→ **WHAT IS REQUIRED**: Your answer should hold exactly the lines below from the line with "本当のことを言うと好み粒キツネノチエ 菊の露 保湿化粧水 W44xD44xH172mm" through the line with "Megumi-Asaoka", both included, and no pictures at all.

→ **LISTED ENTRIES**:
──────
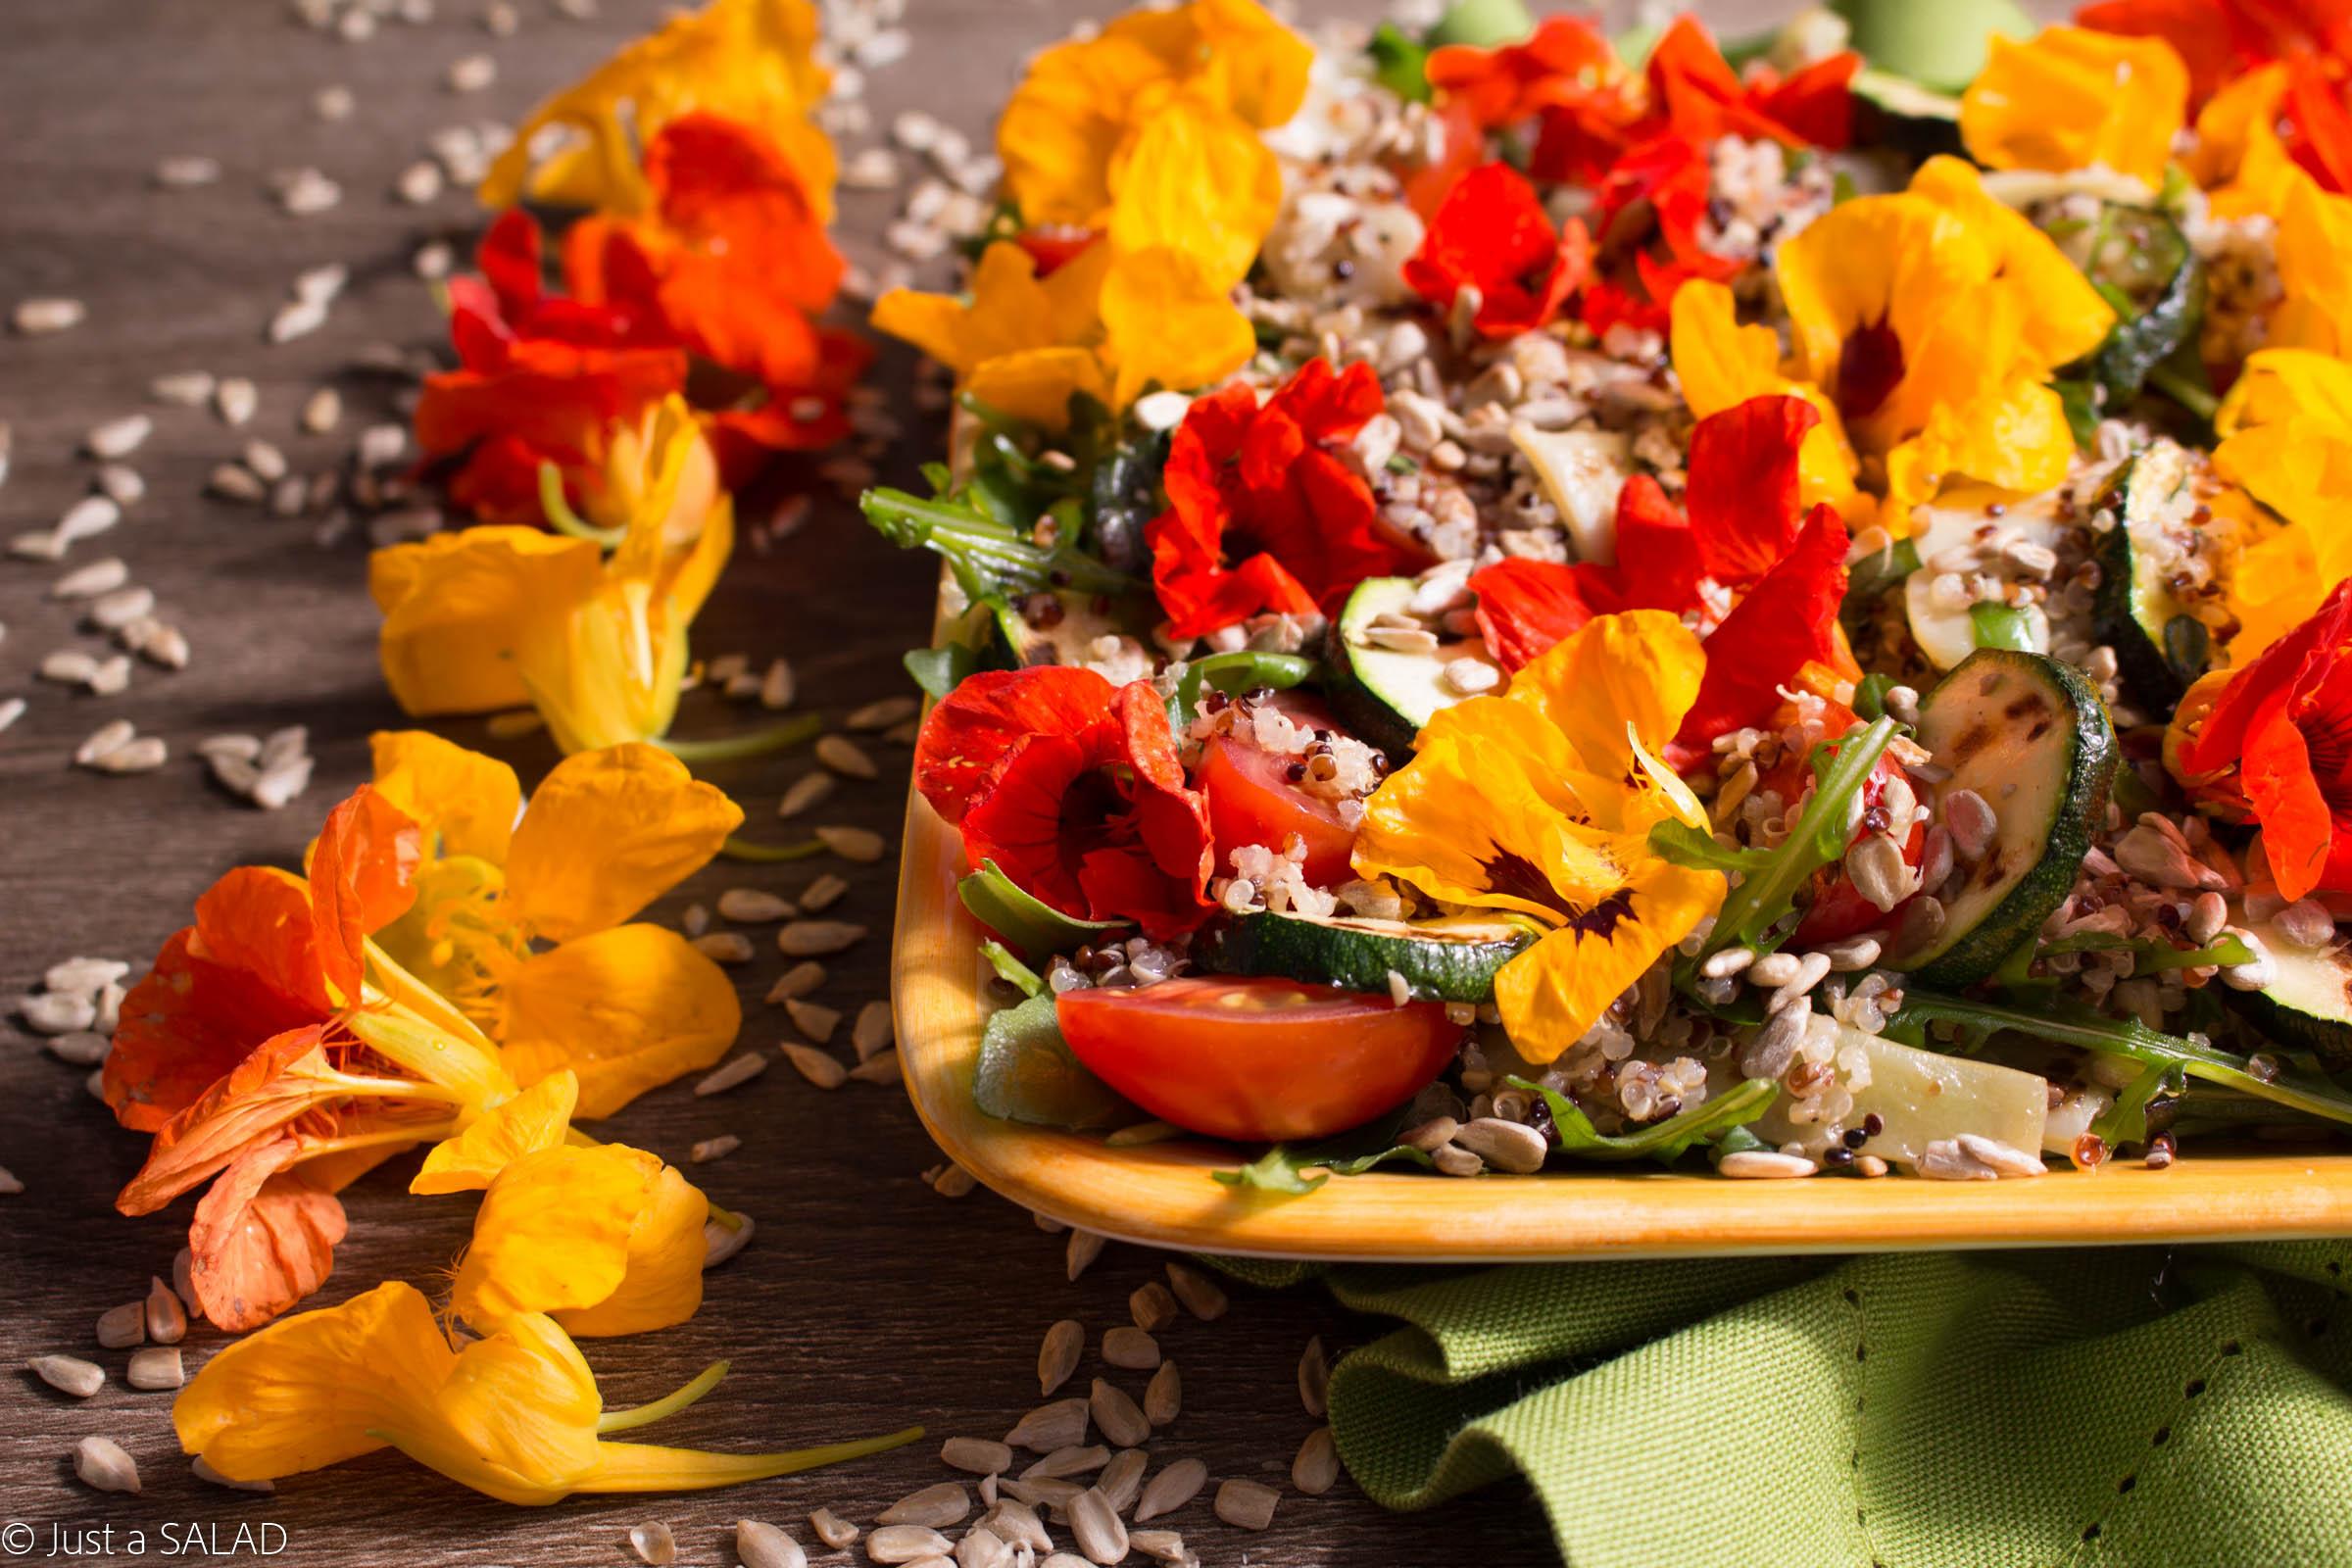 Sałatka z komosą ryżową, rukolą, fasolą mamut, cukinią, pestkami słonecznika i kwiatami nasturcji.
──────
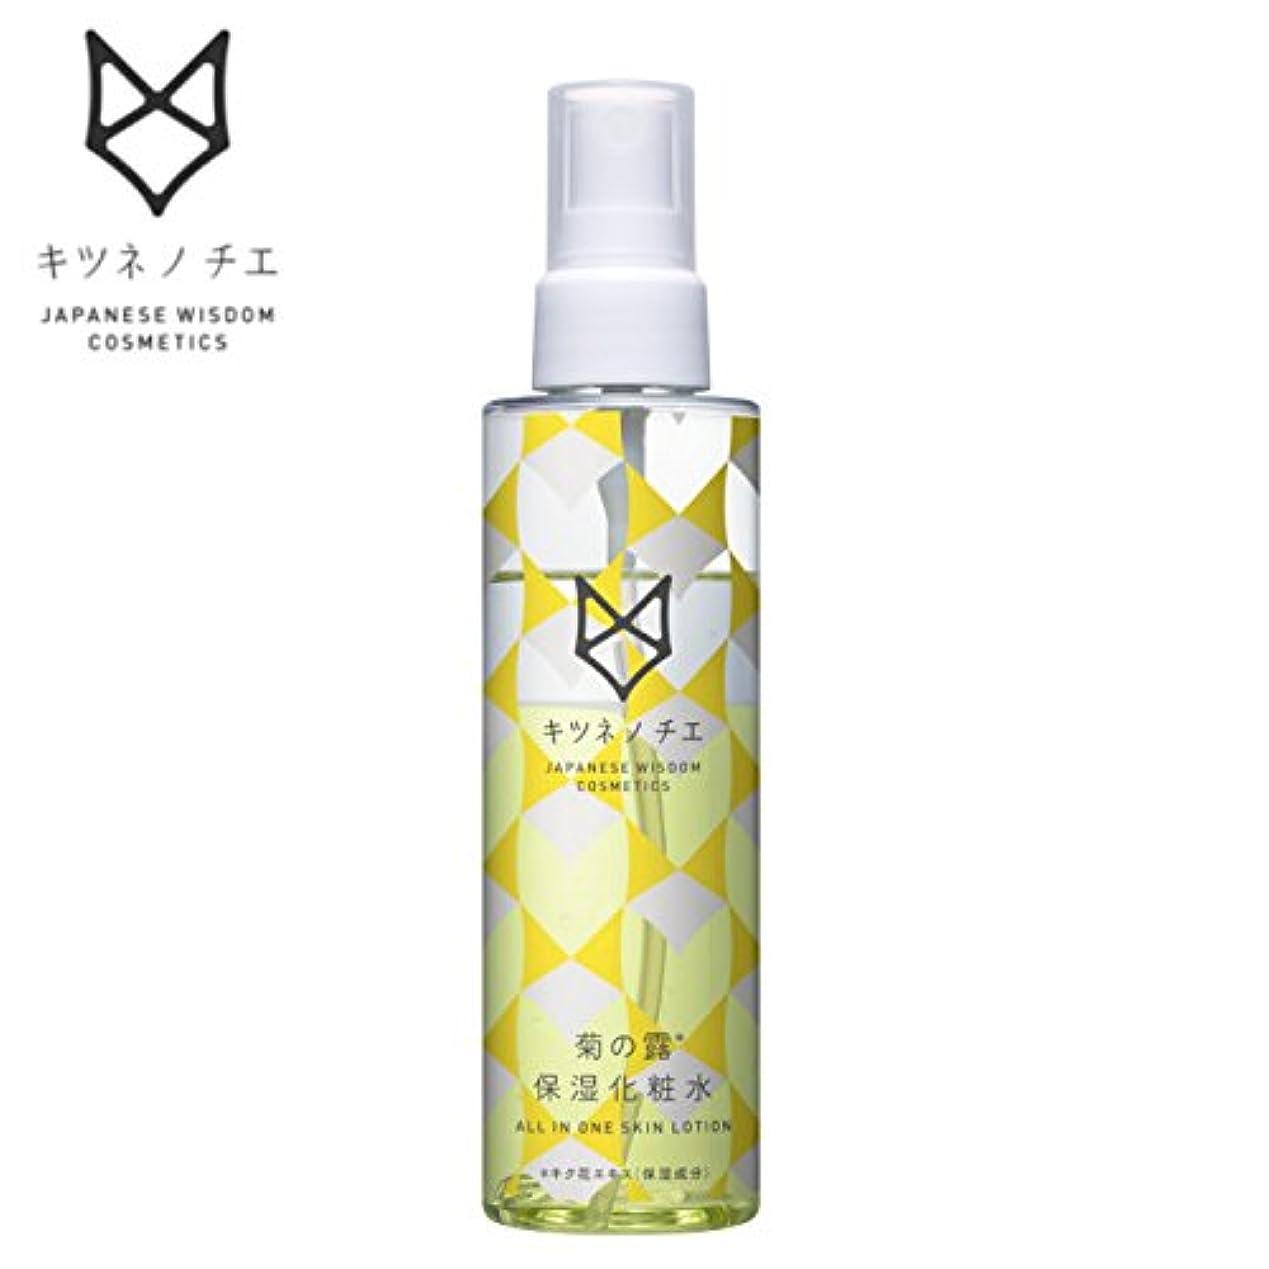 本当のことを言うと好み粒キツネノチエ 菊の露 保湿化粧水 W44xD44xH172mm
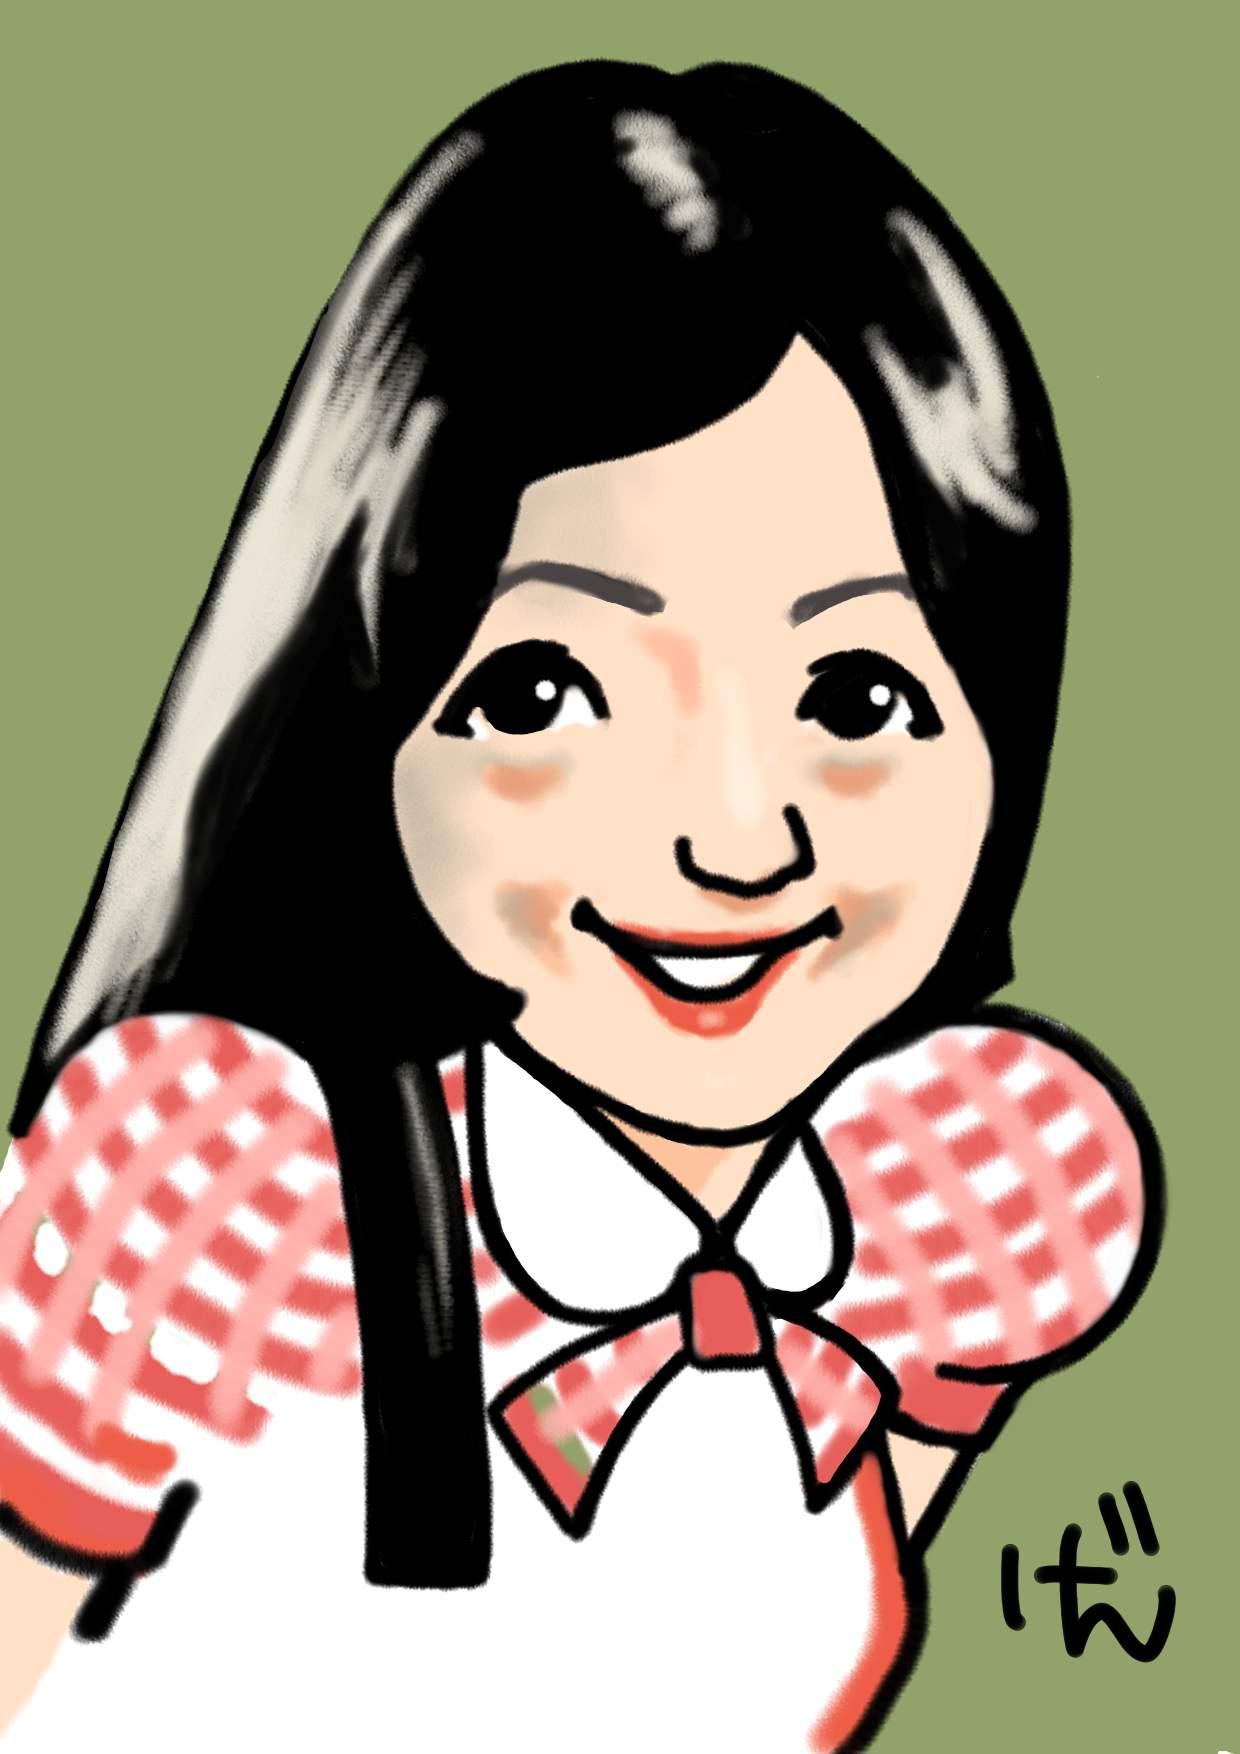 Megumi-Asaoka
──────
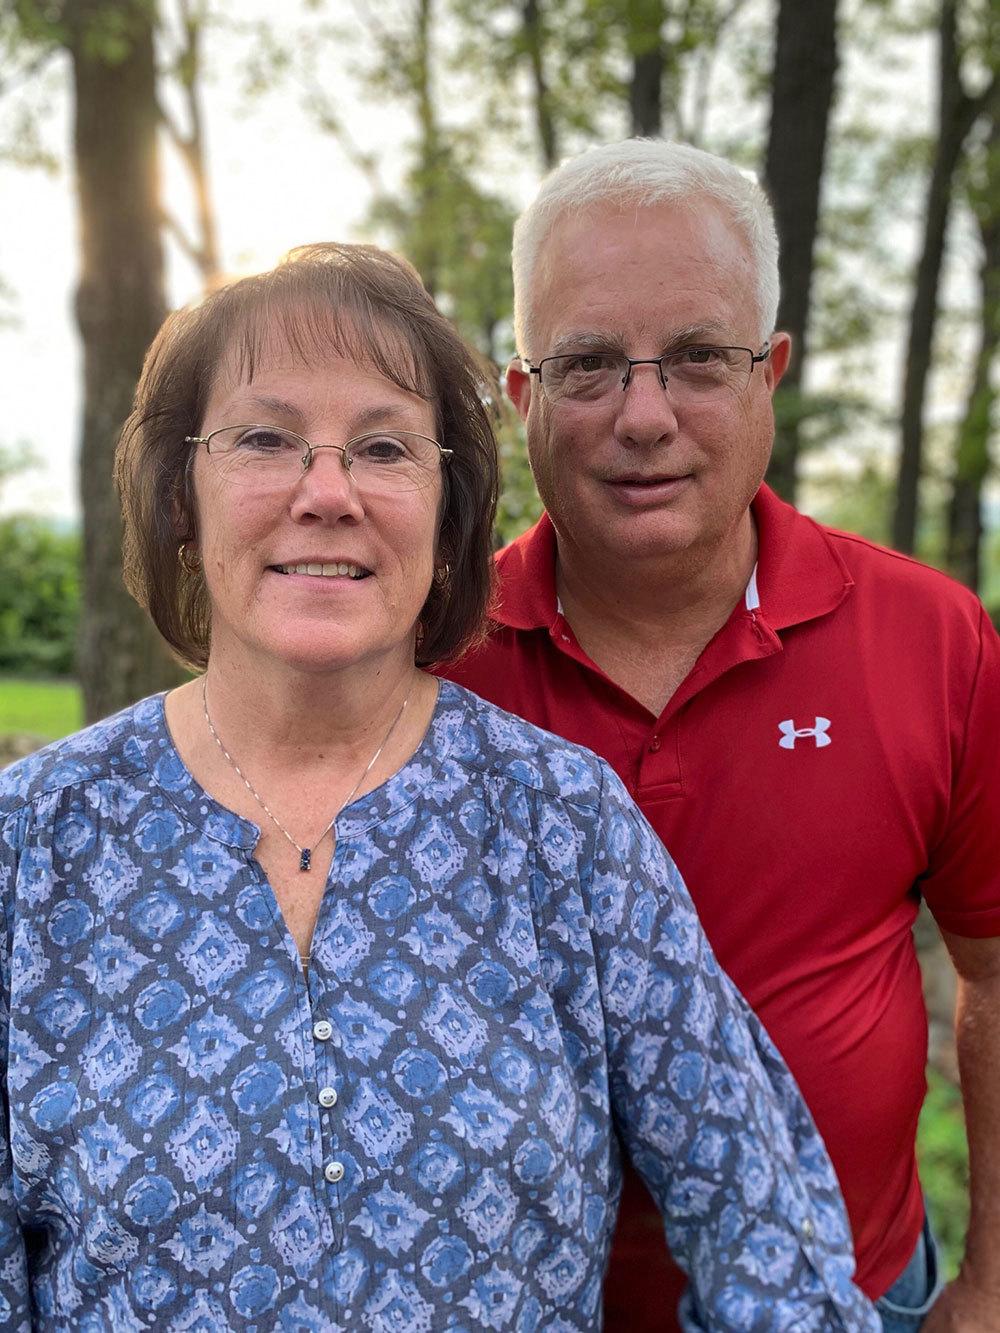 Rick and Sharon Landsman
──────
→ **WRITTEN ANSWER**:
 本当のことを言うと好み粒キツネノチエ 菊の露 保湿化粧水 W44xD44xH172mm
 Megumi-Asaoka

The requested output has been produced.